より詳細には、図11(b)に示すように、駆動用半導体素子のバンプ電極群には、チップ辺に沿って配列された第1の電極列651と、第1の電極列651に対向する第4の電極列654のほかに、第1の電極列651の両端から、第4の電極列654に向けて斜めに配列された第2及び第3の電極列652、653とが設けられているので、図11(a)に示すように、第2及び第3の電極列のバンプ電極652、653が実装される基板側の電極端子662、663も斜めに配列されている。

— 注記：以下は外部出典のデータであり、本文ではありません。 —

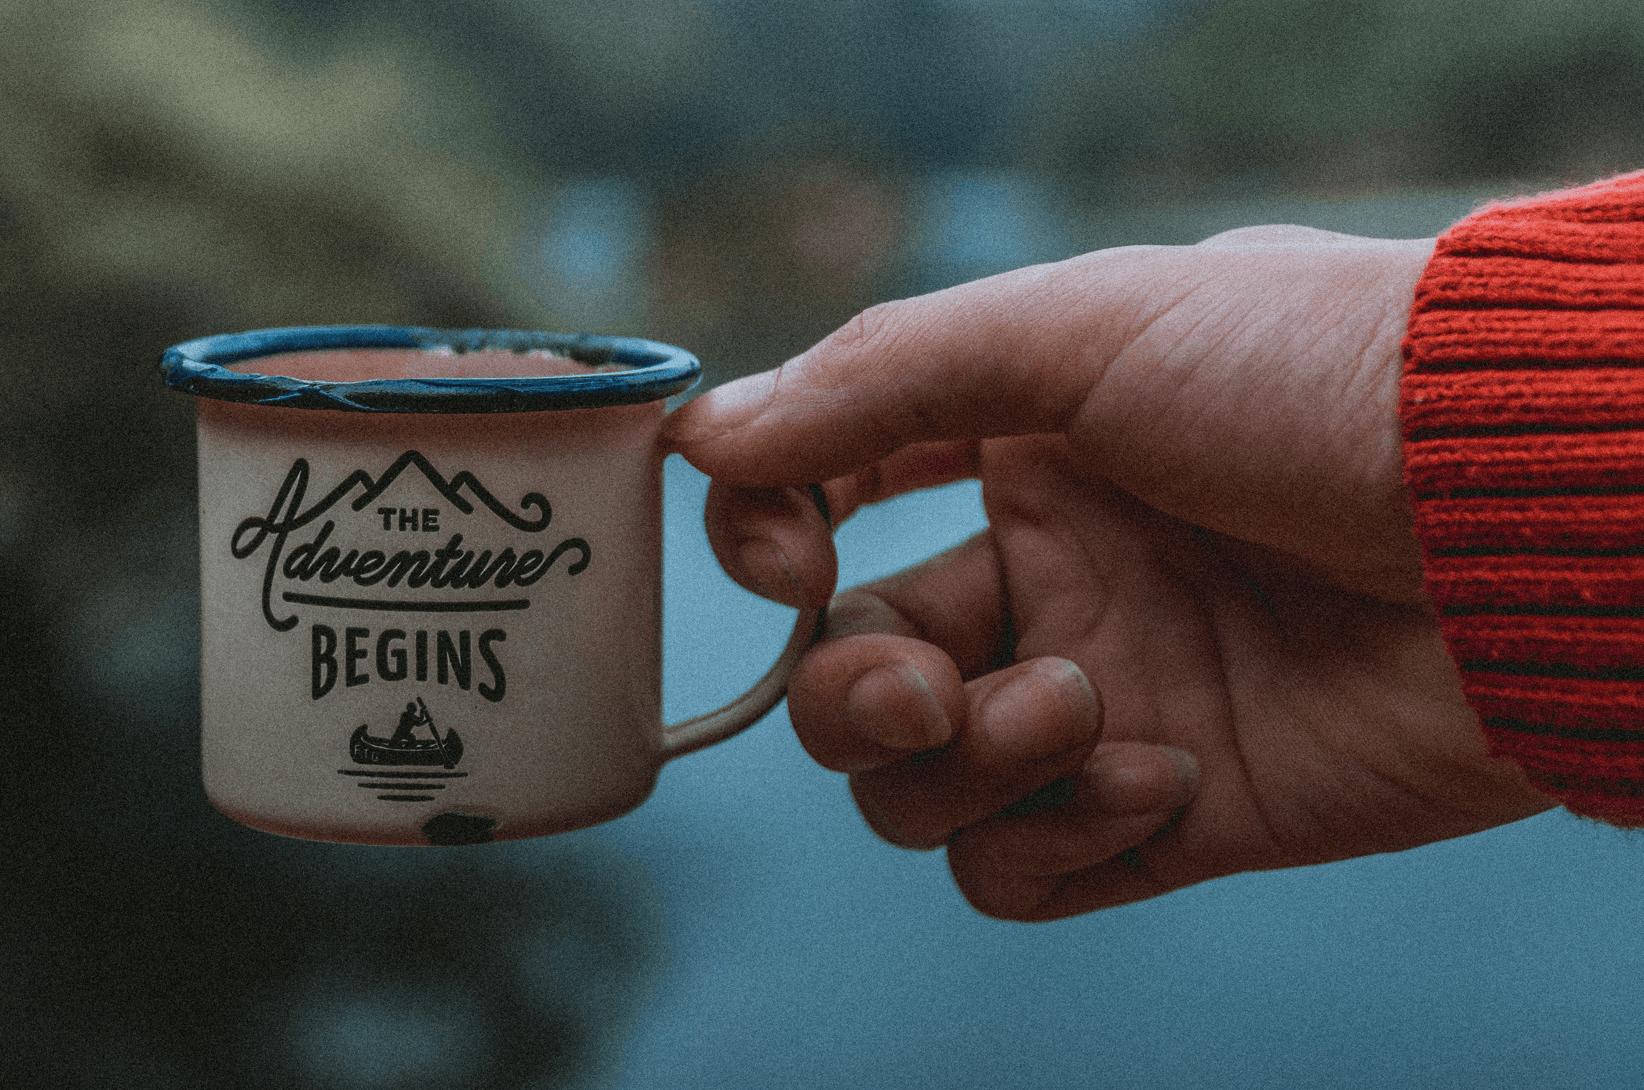 Easy RV recipes: Cowboy coffee

従って、これらの電極端子は互いに位置がずれているので、電極端子から引き出された配線パターンを第1の電極列651とは反対側に引き出す際には、側方に向けて真っ直ぐに引き出した後に直角に屈曲させることなく、第1の電極列651とは反対方向に向けて直接、引き出すことができる。すなわち、配線パターンを迂回させる必要がない分、無駄なスペースを削減できる。また、最短経路を辿るように配線パターンを引き出すことができるので、配線パターンの電気的な抵抗を低減することができる。さらに、第1〜第4の配線パターン651〜654をすべて略平行に引き出すことが可能であり、このように配置すると、駆動用半導体素子の実装位置が配線パターンの引き出し方向にずれたとしても、第1ないし第3のバンプ電極列を構成する全てのバンプ電極が電極端子(配線パターン)の上に位置している。

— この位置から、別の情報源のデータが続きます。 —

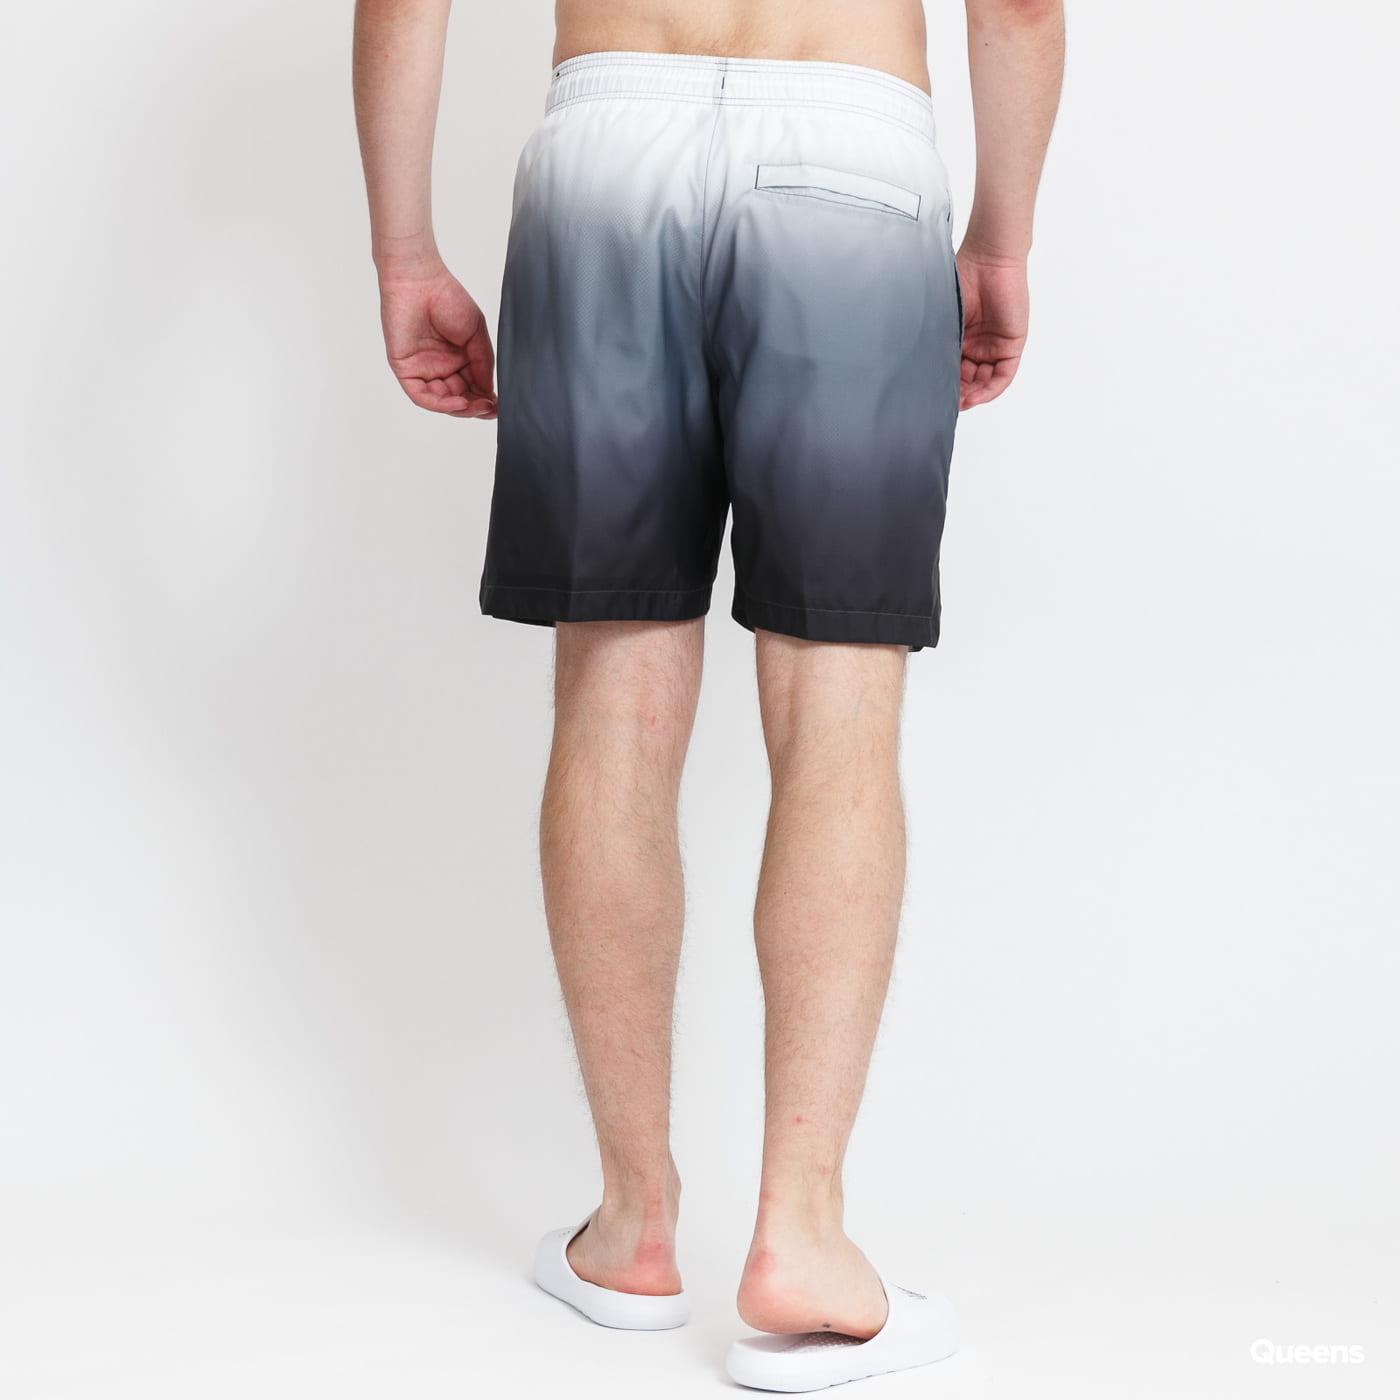 Jordan M J Sport DNA HBR Pool Short tmavě šedé / bílé

【特許文献1】特開平11−297760号公報 (特許請求の範囲 図4)
【発明の開示】
【発明が解決しようとする課題】
【0004】
しかしながら、特許文献1に開示された実装構造は、半導体素子の横幅を実質的に拡大させることにより、半導体素子の両端付近から引き出される配線パターンを直角に屈曲する場合をなくして、配線パターンの長さを短くしたものであるため、使用される半導体素子が大型化してしまう場合があった。したがって、基板の張出部の面積を小さくして、電気光学装置の小型化を図ることが困難であるという問題が見られた。
また、特許文献1に開示された実装構造は、半導体素子の両端付近から引き出される配線パターンも含めて、すべての配線パターンをできる限り平行に引き出すことができるものの、そのピッチ間隔等については、従来と実質的に変わることなく、引き回しの自由度を向上させることができるものではなかった。
さらに、かかる実装構造に使用される半導体素子におけるバンプ電極群は、実質的に直線状をなしていないために、半導体素子の設計上の制約が多くなり、このような半導体素子の製造が困難な場合があった。
【0005】
そこで、本発明の発明者らは鋭意努力し、所定配置された第1のバンプ電極列及び第2のバンプ電極列からなるバンプ電極群を備えた半導体素子を用いることにより、半導体素子と重なる領域を有効に活用することができ、このような問題を解決できることを見出し、本発明を完成させたものである。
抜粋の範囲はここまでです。